Kaye looked at her, but didn’t have to ask.
“I leased from a guy named Bud Richards. After Valle delle Viti took his life’s work, Bud gave up. Took his own life. I couldn’t bring myself to go after his kids. I just couldn’t do it.” She looked around and saw three servers waiting at the service bar. “Gotta get back to work. Nice meeting you, Ben Kaye. Bring that girlish figure back around any time.”
“One quick question?” Kaye asked.
“Uh, sure.”
“Who’s behind Valle delle Viti?”
“I have no idea. Only people I ever saw were their fucking lawyers.”
She tapped her hand on the edge of the bar twice, smiled, and turned back to business.
Kaye nursed his iced tea and watched while Auggie took orders from several customers for wine club shipments. She dealt with her employees like a benevolent Drill Sergeant, if such a thing exists, and she treated her customers like royalty. She hadn’t brought him a check and he didn’t want to interrupt her, so he pulled three twenties off the cash in his pocket and laid them on the bar, used a napkin to wipe the condensation off the tea glass and put it down on top of the bills.
Outside, the next group of bikers looking to be wined and dined was already starting to trickle in.
He sat on the Road King and considered what Auggie had told him. He remembered his conversation with Alicia Valdez and her comments about Valle delle Viti’s lawyers.
The lions in the room.
***
For Kaye, riding a motorcycle was almost a form of meditation. Those who practice Buddhist meditation, particularly westerners who come to the discipline later in life, know that there are good sessions and bad sessions.
The ride home from Santa Ynez was not a good session.
His mind wandered, trying to figure out how, or even if, Valle delle Viti was somehow connected to Avi Geller’s murder.
People don’t kill people over wine. Or do they? If Geller had put fifty million into the project, surely he – or his wife, Kaye reminded himself – would soon start to see a handsome return on the money. Which logically meant the other investors would, too, and he still clung to the belief that happy investors don’t kill each other.
That Valle delle Viti might be owned by a swarm of unethical sharks was not his problem to investigate. Sure, he felt bad for Auggie, but unethical and illegal were not, unfortunately, interchangeable terms. At least not in a court of law. And with the kind of money he’d seen that morning at stake, what came out of a court of law was all that mattered.
He still wanted to know who owned Valle delle Viti, but he made the decision not to spend a lot of time digging into the operation unless and until he had a stronger connection between it and Geller’s death.
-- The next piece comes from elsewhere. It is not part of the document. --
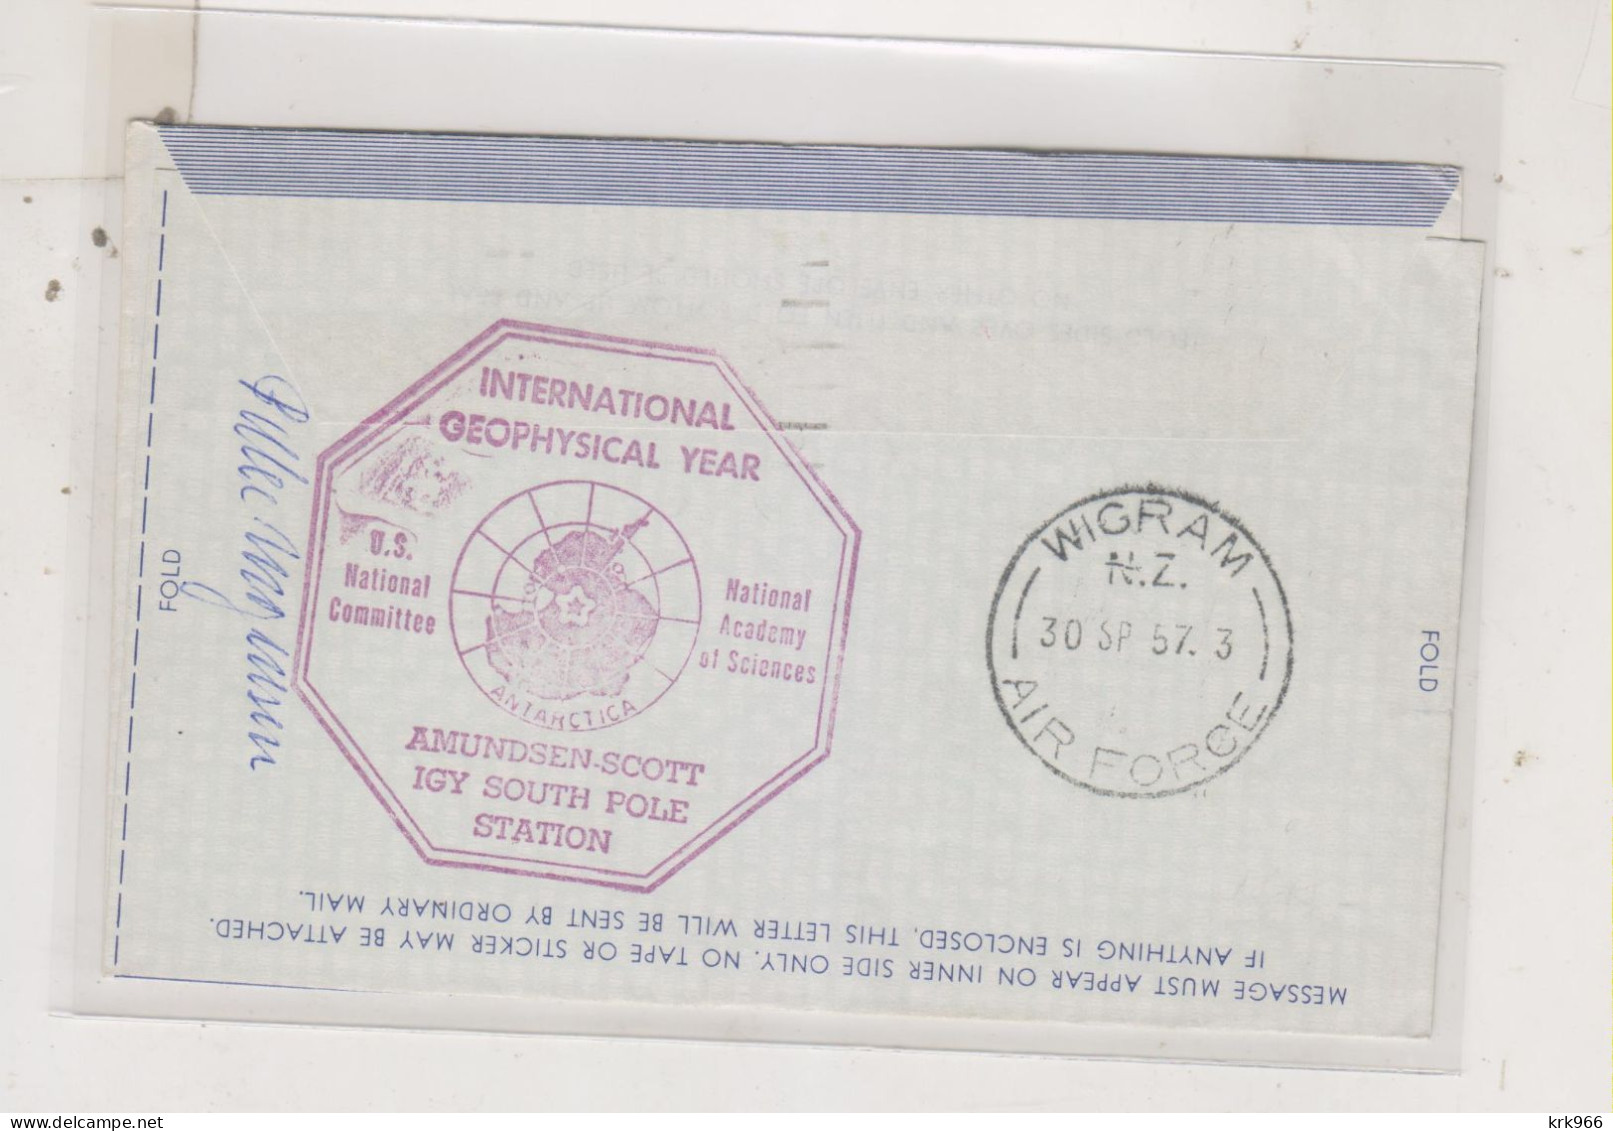 UNITED NATIONS 1957 Nice Airmail Stationery NEW YORK To AMUNDSEN SCOTT IGY SOUTH POLE STATION - Cartas & Documentos

To do that, he needed to know more about Avi Geller’s life, and he needed to know more about Ziva Geller.
It’s not always the jilted husband, wife, or lover, he told himself.
Well, yeah, it almost always was.
Getting stopped by the Chumash Oaks Police still rankled him. He’d been stopped before, not always for what he considered good probable cause, and he’d collected a few tickets over the years because he preferred to keep his profession to himself. If he thought he deserved a cite; if he’d write it if the positions were reversed; he kept his mouth shut and let the chips fall where they may.
But Reid had pissed him off. It wasn’t the speed trap. Those had been around forever, with some small towns practically financing their operations with fine revenue harvested from unsuspecting travelers passing through. At least in Chumash Oaks there was little chance the cops preyed on the poor, trapping them in the endless cycle of unpaid fines that led to more fines and penalties they couldn’t pay and eventually to jail, where they couldn’t afford bail or a lawyer.
But that stop hadn’t been traffic enforcement, good or bad. It had been a shakedown.
He’d have to look into Reid and the Chumash Oaks PD.
***
The aroma of weed and yomogi filled the space behind the parking garage pillar.
But the left heel was stilled, not playing the rhythm of the rider’s nerves.
This one would be easier than the Ferrari. Up close and personal, with that singular, defining moment when you could smell the fear erupting from the target’s pores and see that millisecond of awareness in the eyes that they were about to die. Maybe some cleanup afterwards, assuming there was time.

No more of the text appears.